§ **Problem details**:
Please transcribe the data below in full, word for word, without the images.

[Data block — start]

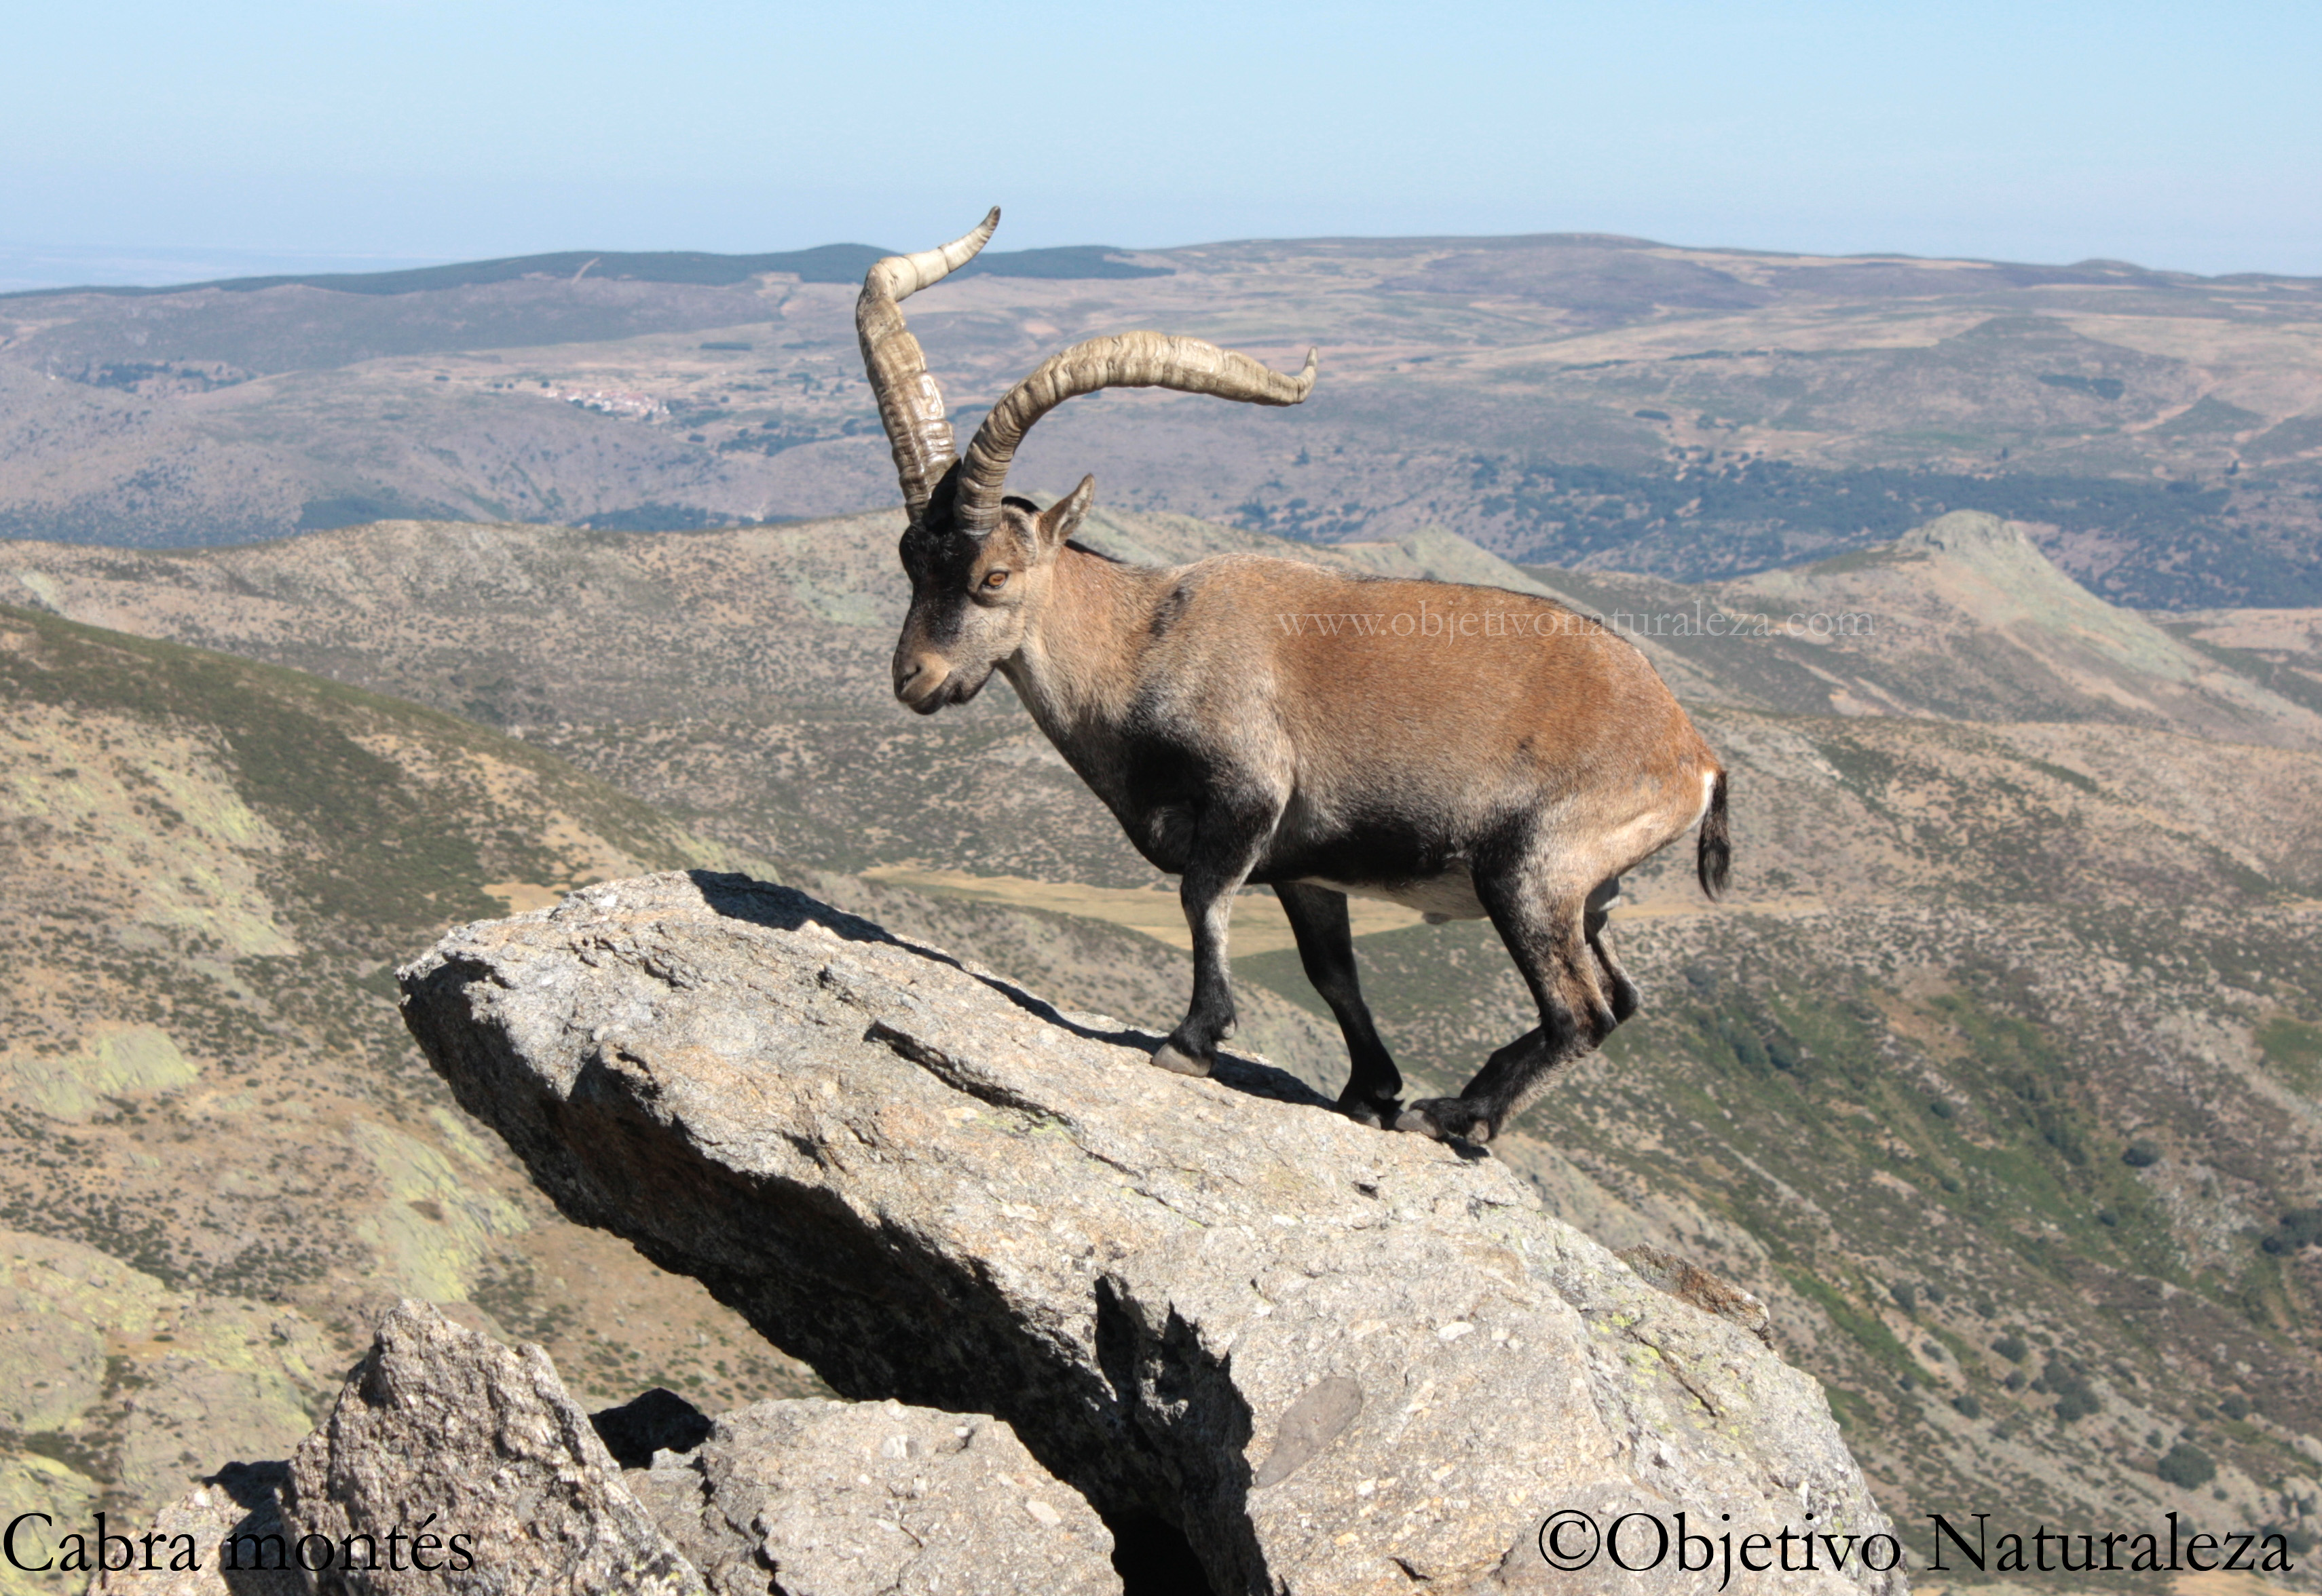 Cabra montés- Iberian ibex
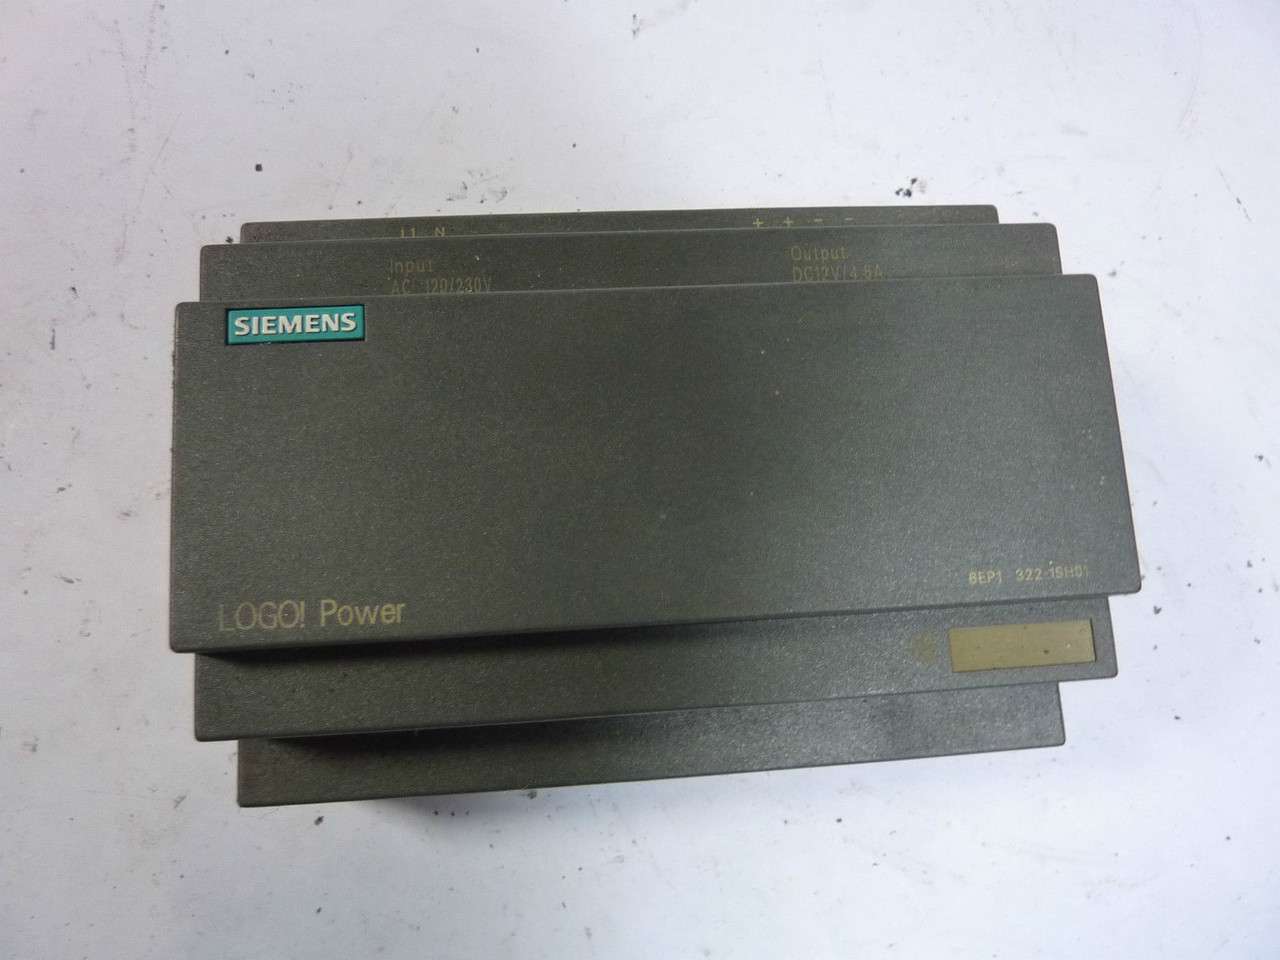 Siemens 6EP1322-1SH01 Power Supply 12VDC 120/230V USED
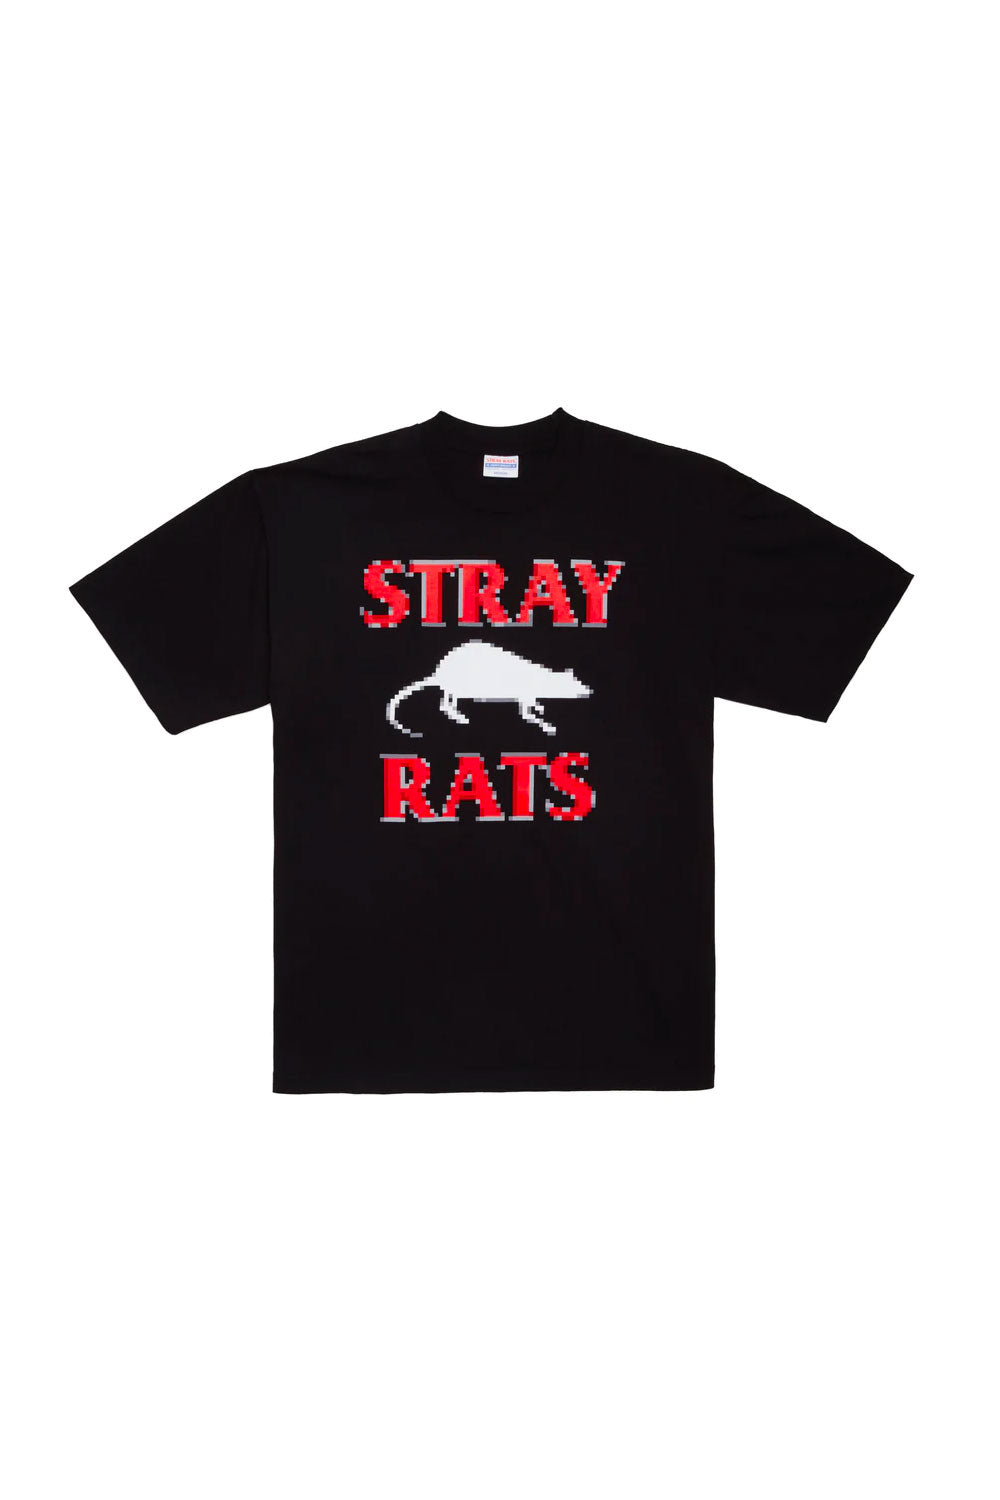 stray rats t shirt black

[Data block — finish]

§ **Worked solution**:
 Cabra montés- Iberian ibex
 Siemens 6EP1322-1SH01 Power Supply 12VDC 120/230V USED
 stray rats t shirt black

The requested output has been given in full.